For the next two hours, while his arms and shoulders screamed in protest at their cramped position, he browsed through the records, watching as the Nar molecular biologists, lifetimes ago, learned how the terrestrial-style information molecules, enzymes, and lipids worked together to make living organisms. They were practicing for the reinvention of man.
It was strange to think of a young Voth, a Voth without an honorific in his name, as one of those researchers. Long as was the Nar life span, there couldn’t be many survivors of those original teams. At what point had Voth split away to follow other byroads, eventually to found the touch group that had given him his present eminence, while newer teams sprang up and fused and split and recombined to take up the ever-multiplying branches of research? There was a biological treasure trove to explore — a wealth of possibilities that had transformed Nar civilization. They were in no hurry to get to man. The Nar sense of time, with its enormous scale, was not conducive to urgency. Things could be put down, laid aside. Everything was always there, spread out in eternity, to be taken up again by one’s future self or by the future self of some touch brother’s spawn, nearing sentience and ready to be adopted into the touch group.

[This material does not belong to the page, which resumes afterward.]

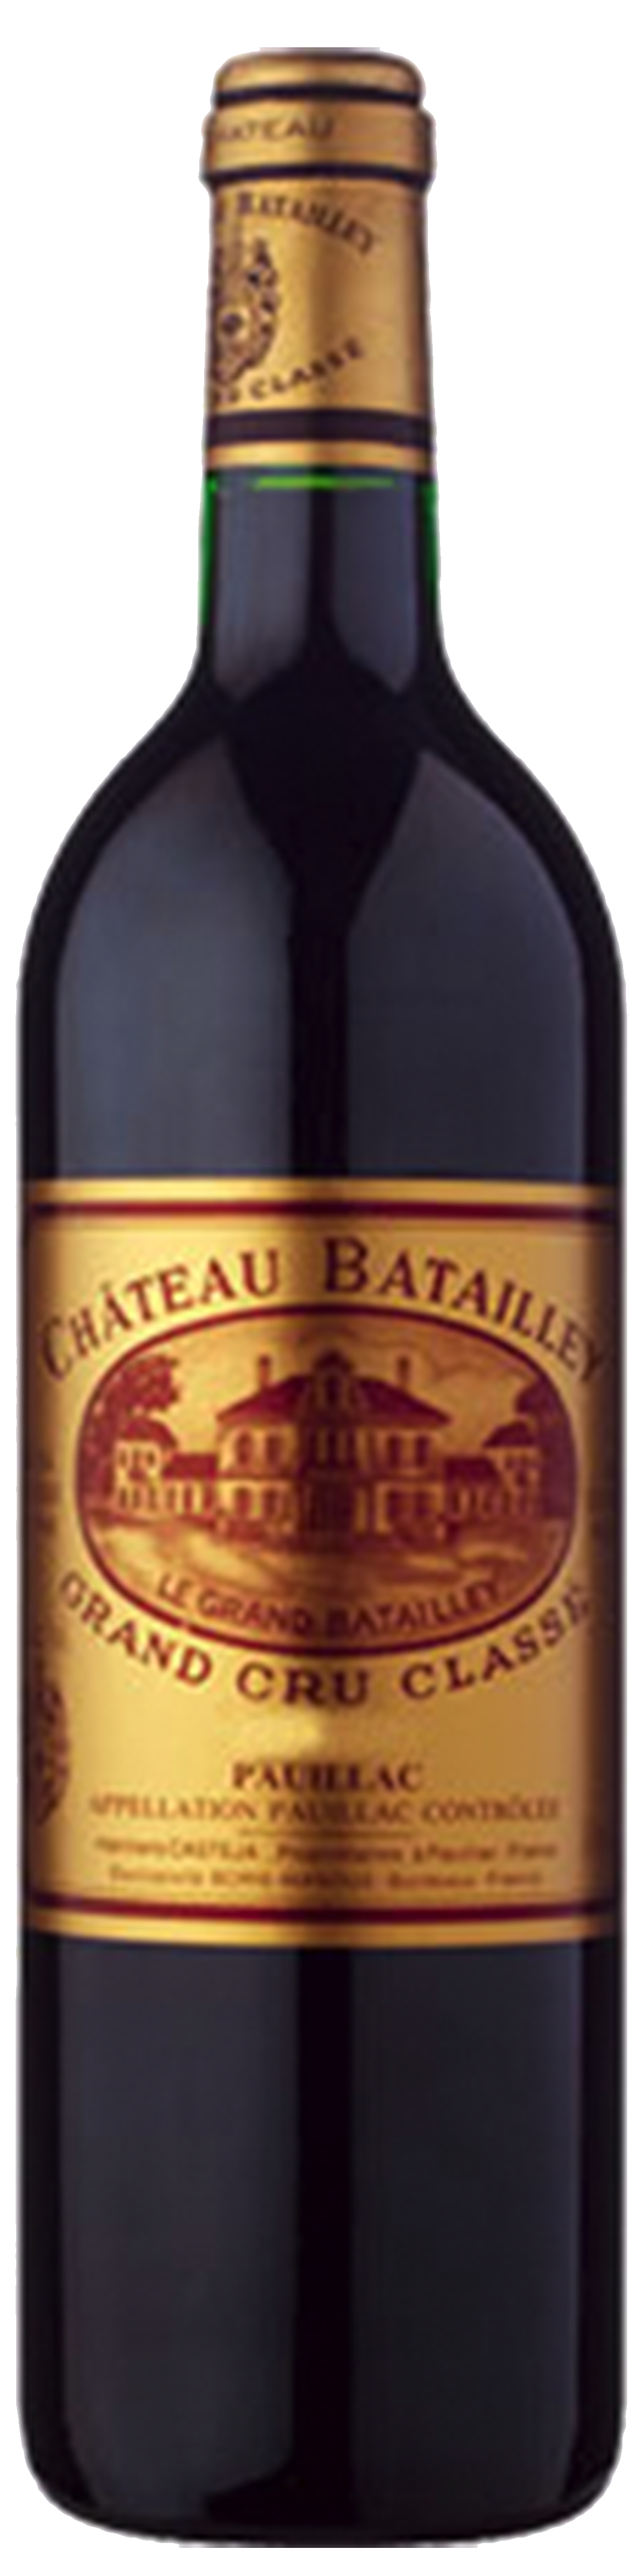 Bottle shot of 2016 Château Batailley, 5ème Cru Pauillac
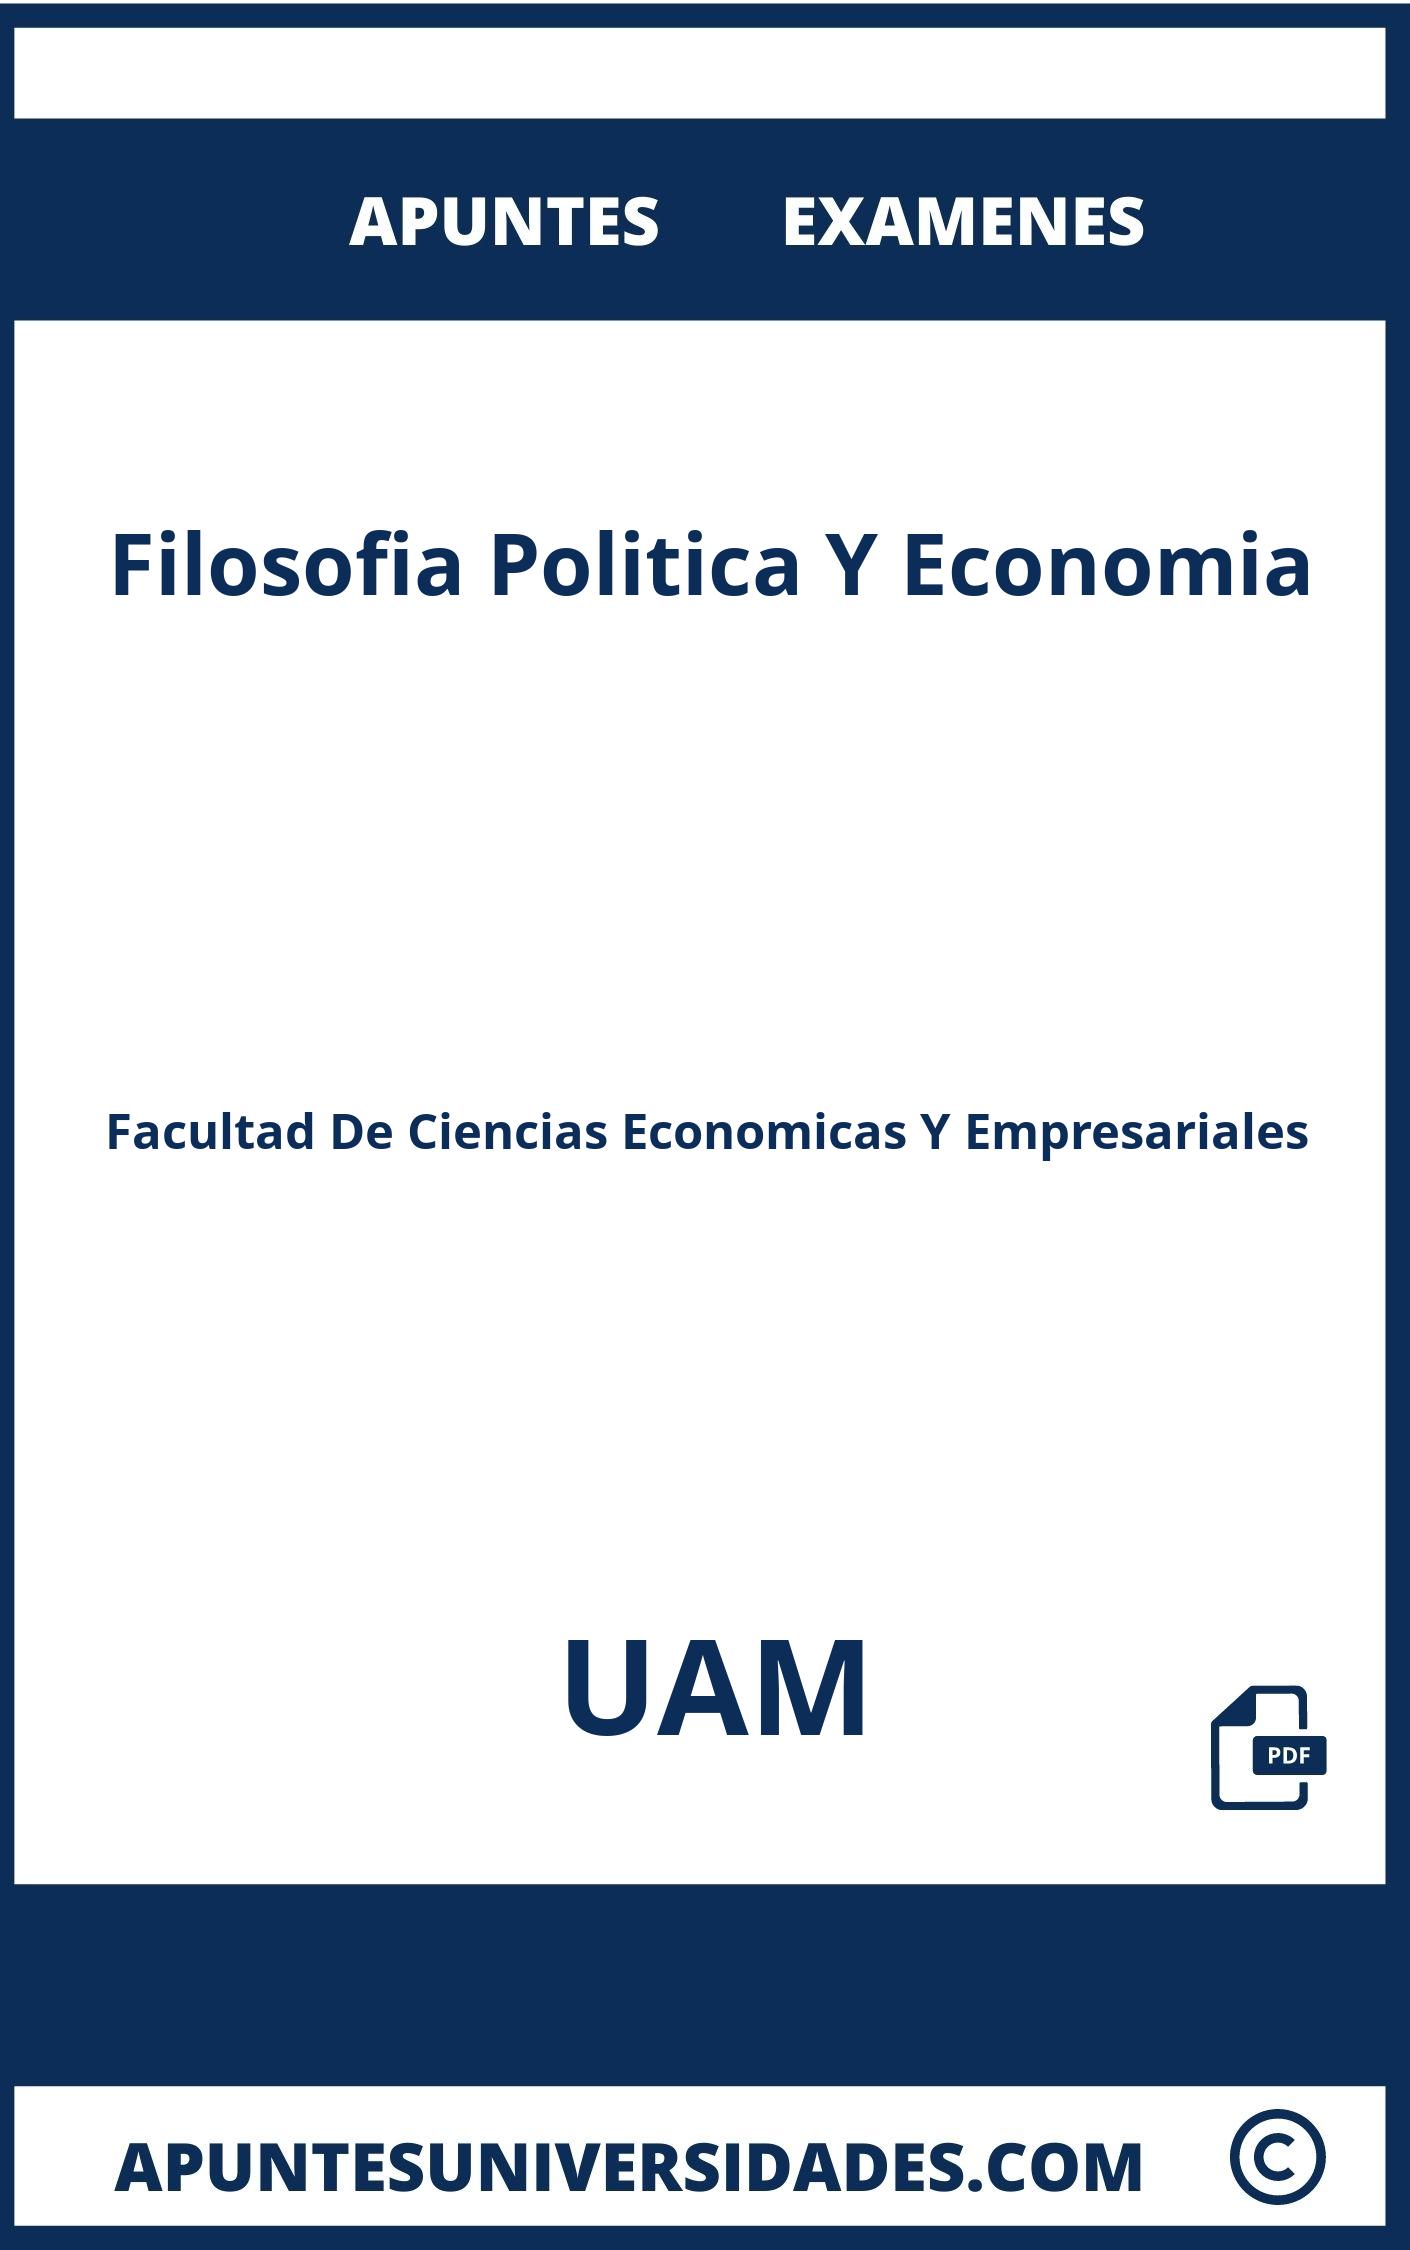 Examenes y Apuntes de Filosofia Politica Y Economia UAM

Bram got up, stretched, and felt his joints crack. Outside, the city was sleeping. Through the clear elastic window, the sprawling lacelike patterns of boulevards, plazas, and junctions glowed with the pale blue biolight of the wee hours. A single strand of bubble cars crept through the black sky, carrying late commuters. A preoccupied snuffling and scraping from somewhere below told where a street-cleaning behemoth was pulling its flat bulk along the avenue. In the human quarter, which was visible as a ragged patch of brightness in the distance, even the most tenacious reveler would long since have staggered home by now.